Megatron-FSDP User Guide#

Table of Contents#

Megatron-FSDP Quick Start#

We recommend using the latest NVIDIA NeMo Framework Container, which provides a tested software stack and optimized performance.

For your reference, we provide an example launch script for DeepSeek-V3: sbatch_mfsdp_deepseek_v3.sh.

Required Configurations#

To enable Megatron-FSDP, add the following required flags to your training script:

--use-megatron-fsdp
--data-parallel-sharding-strategy optim_grads_params
--no-gradient-accumulation-fusion
--use-distributed-optimizer
--ckpt-format fsdp_dtensor

Checkpoint Conversion from 3D-Parallel to Megatron-FSDP#

Megatron-FSDP introduces fsdp_dtensor, a DTensor-based distributed checkpoint format that serves as its standard. To help you smoothly transition from 3D-Parallel to Megatron-FSDP, we provide a script for converting checkpoints from the torch_dist format to the fsdp_dtensor format. Using DeepSeek-V3 as an example, the detailed conversion process is described below.

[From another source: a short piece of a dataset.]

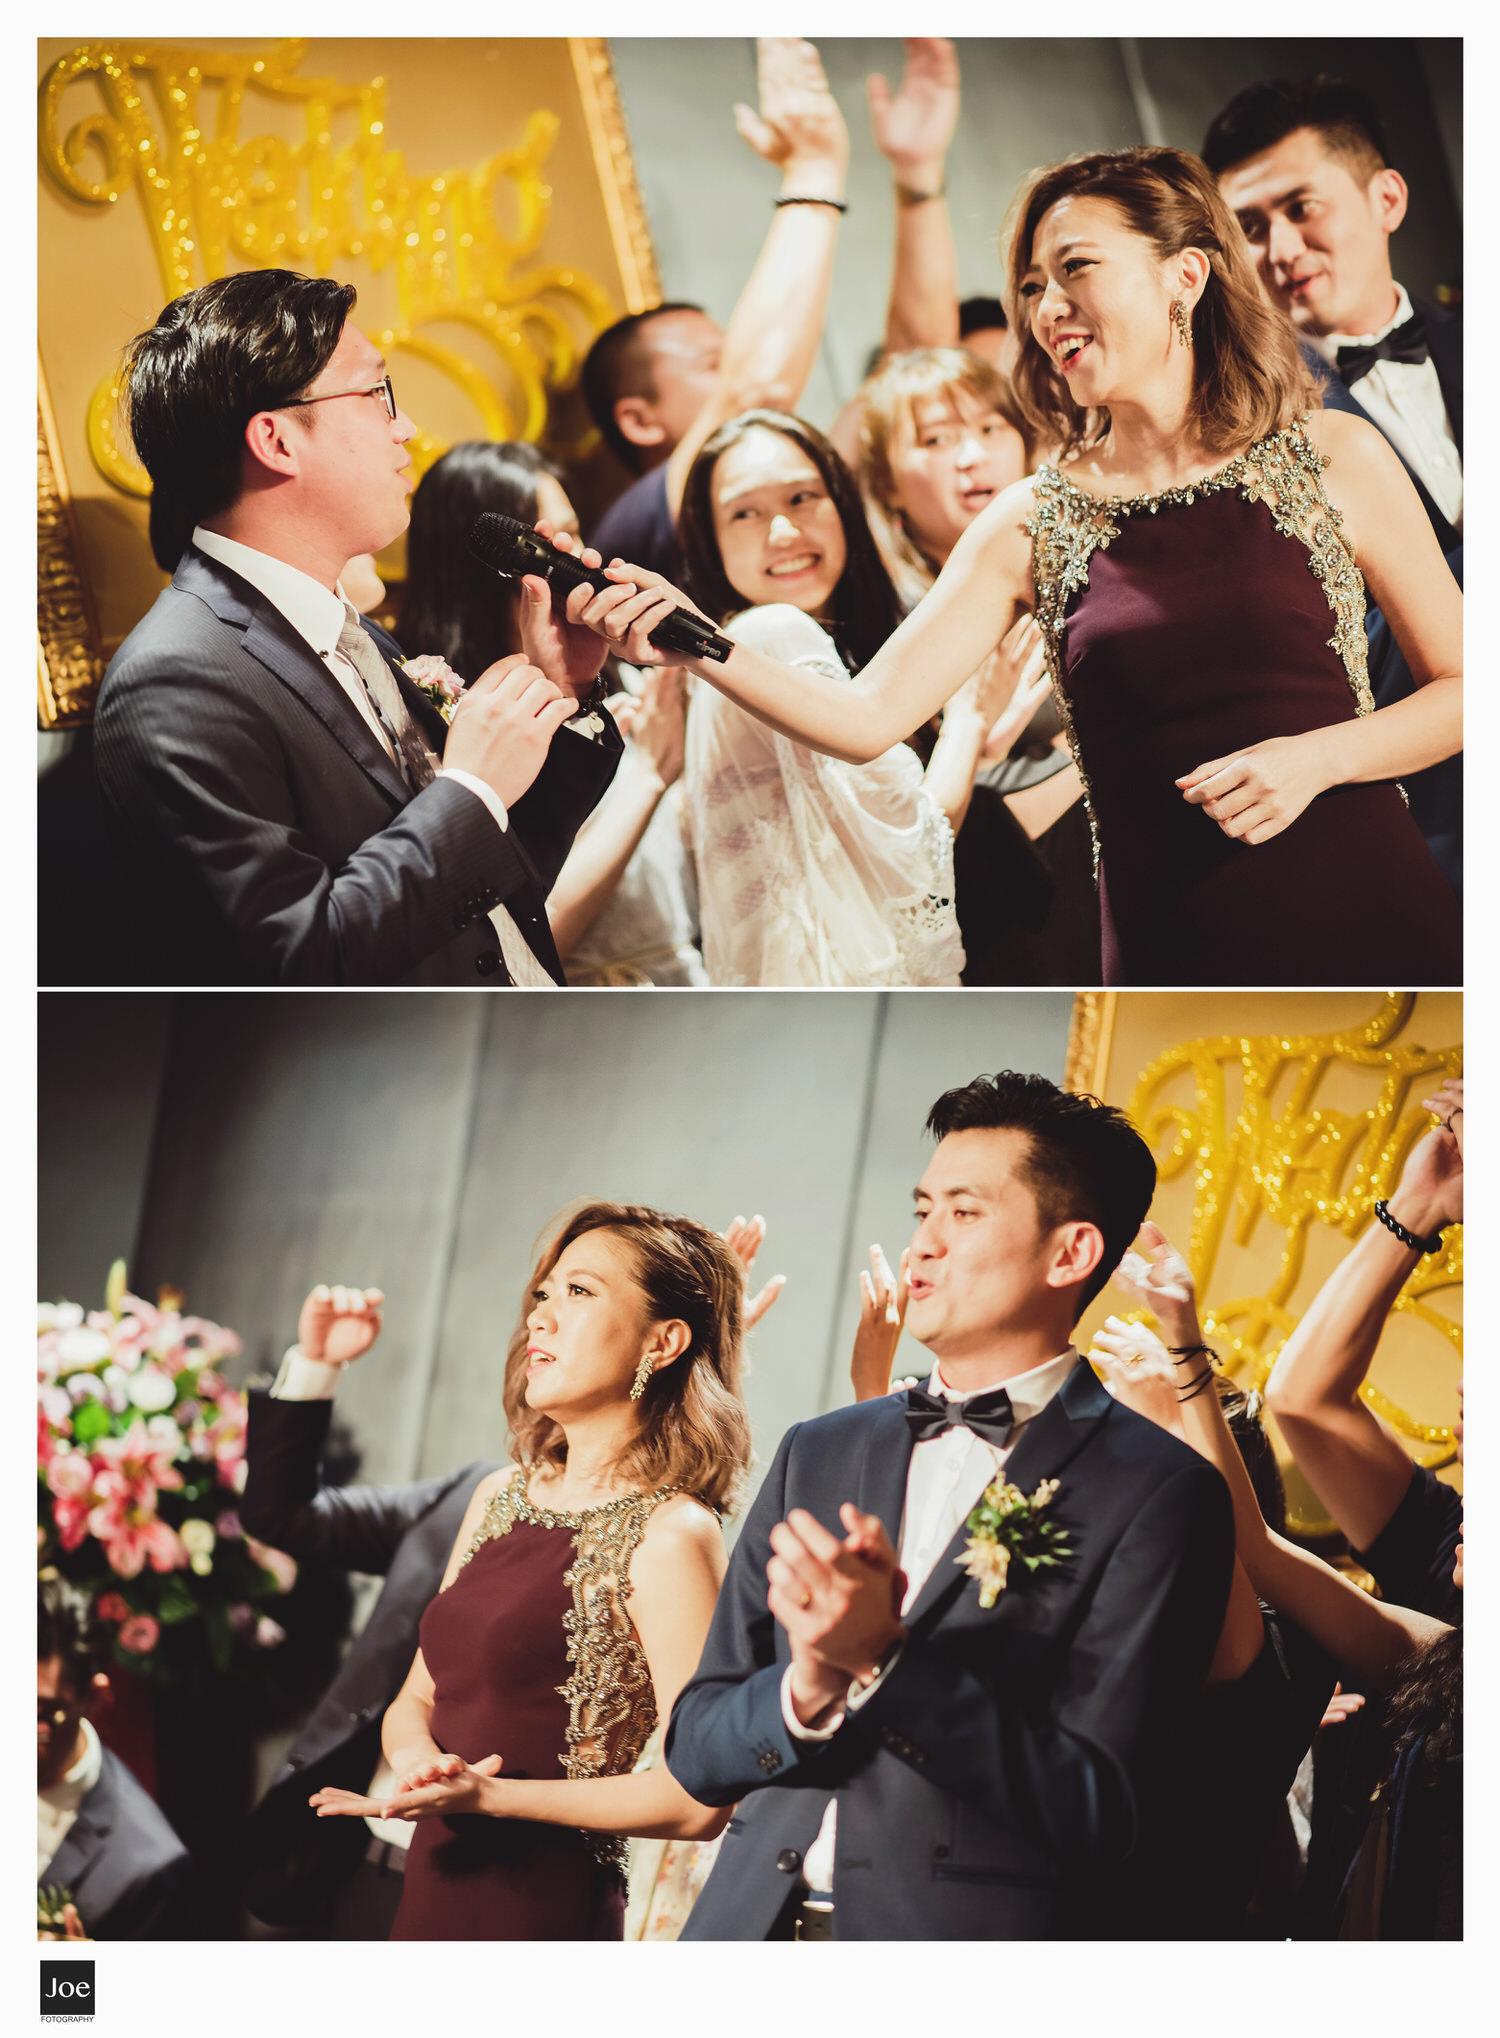 wedding-photography-shangri-la-far-eastern-plaza-hotel-ariel-sam-joe-fotography-165.jpg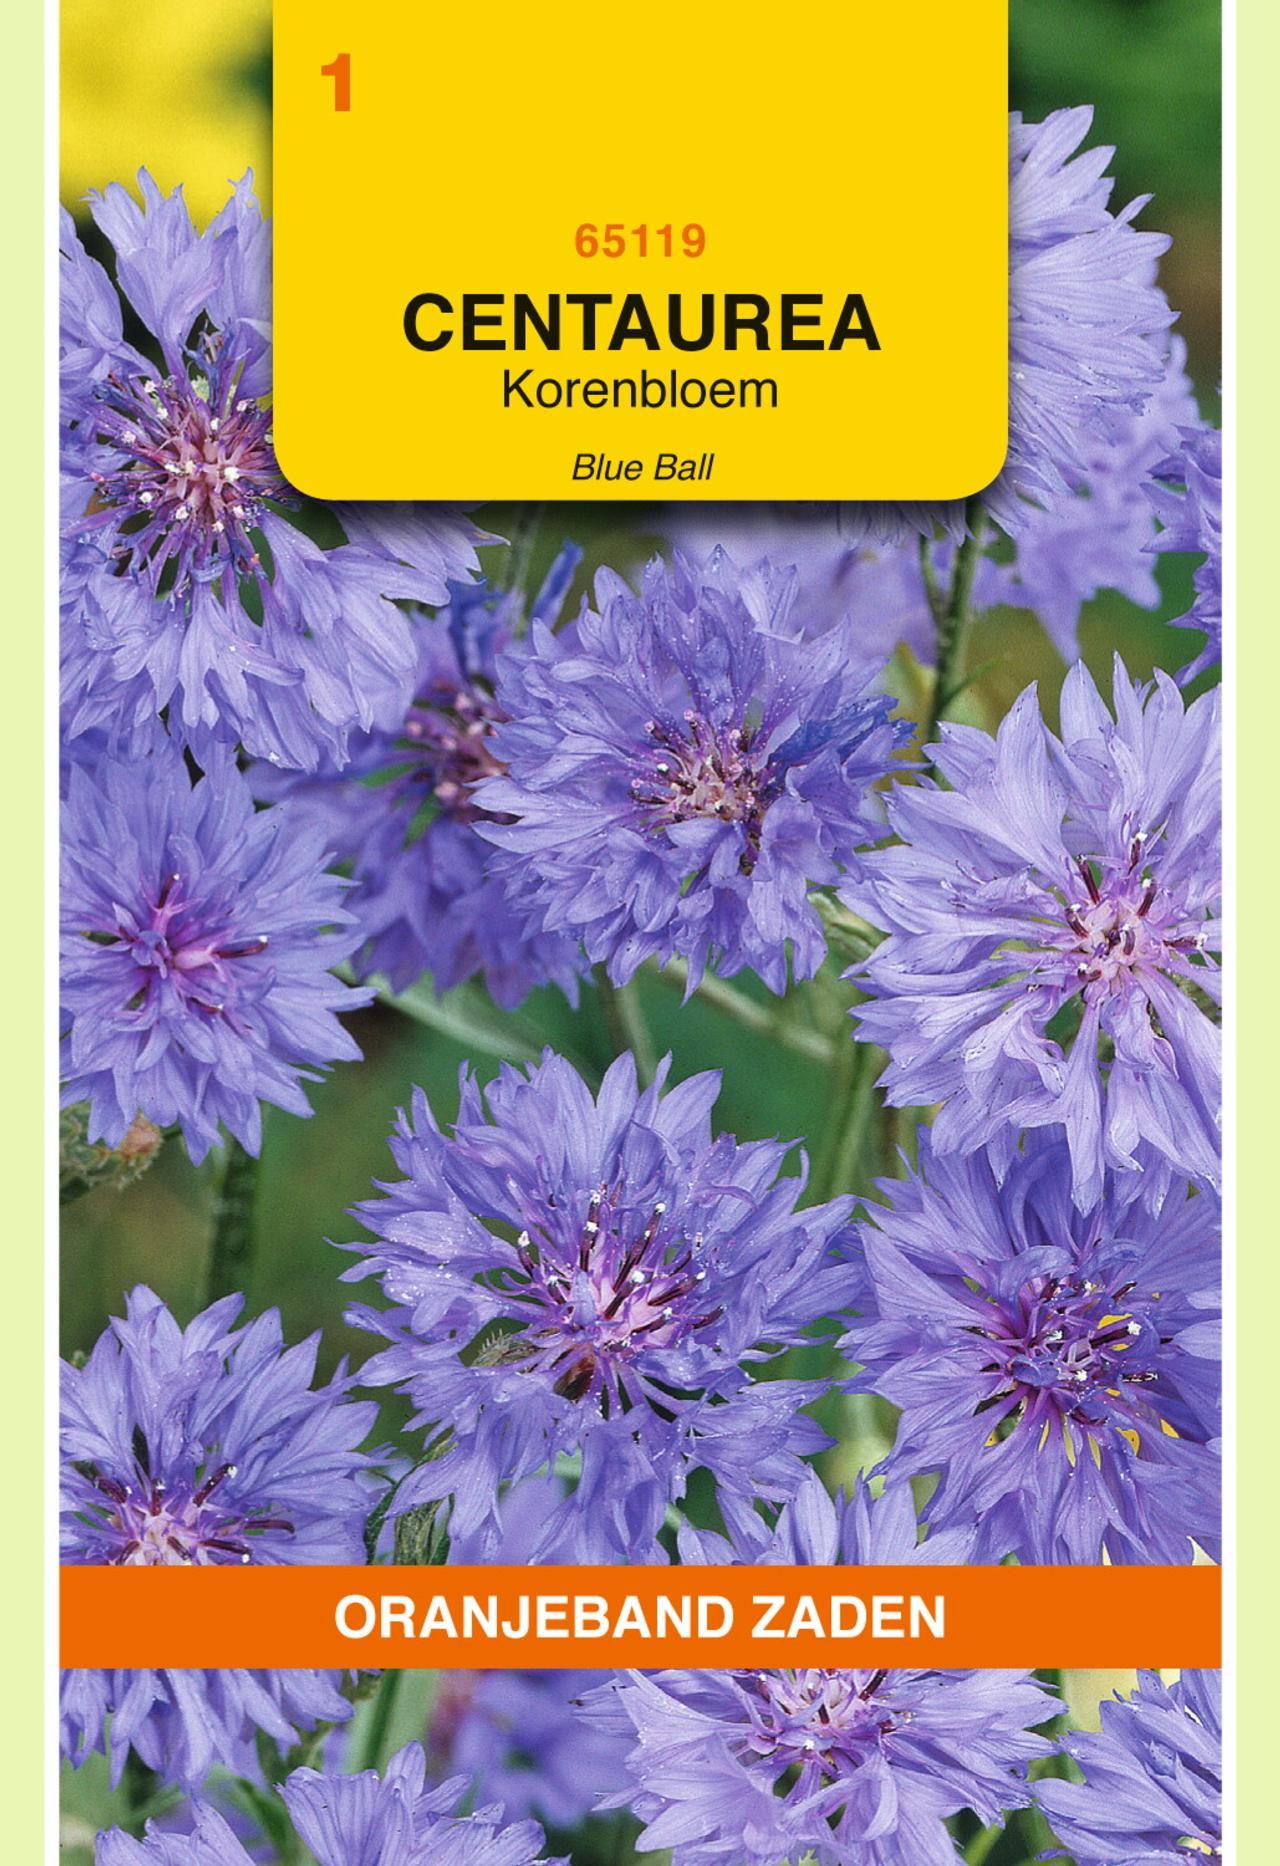 Centaurea cyanus 'Blue Ball' plant

Step 1: Generate 3D-Parallel Checkpoint with param_to_param_group_map#

Run your 3D-parallel + EP training script to generate a torch_dist checkpoint along with a directory containing param_to_param_group_map files. Add the following flag to your training script:

--dump-param-to-param-group-map /path/to/param_to_param_group_map

If you already have a torch_dist checkpoint, simply specify the --dump-param-to-param-group-map /path/to/param_to_param_group_map flag and run a very short experiment-this will create the param_to_param_group_map you need without full pretraining.

Step 2: Export param_to_param_group_map to a JSON File#

Convert the param_to_param_group_map into a JSON file for easier processing by running:

python tools/checkpoint/checkpoint_inspector.py print-torch-dcp-in-json /path/to/param_to_param_group_map

This will create a param_to_param_group_map.json file in the /path/to/param_to_param_group_map directory.

Step 3: Convert Checkpoint from torch_dist to fsdp_dtensor#

Convert your torch_dist checkpoint to the fsdp_dtensor format using the parameter to param_to_param_group_map JSON file:

torchrun --nproc_per_node=8 --nnodes=1 \
    tools/checkpoint/checkpoint_inspector.py \
    convert-torch-dist-to-fsdp-dtensor --swiglu \
    /path/to/input_torch_dist_checkpoint \
    /path/to/output_fsdp_dtensor_checkpoint \
    --param-to-param-group-map-json /path/to/param_to_param_group_map.json

Note: For multi-node conversion tasks, please refer to the example script: sbatch_checkpoint_convert.sh.

Step 4: Launch Megatron-FSDP Training#

Start your Megatron-FSDP training job using the converted fsdp_dtensor checkpoint.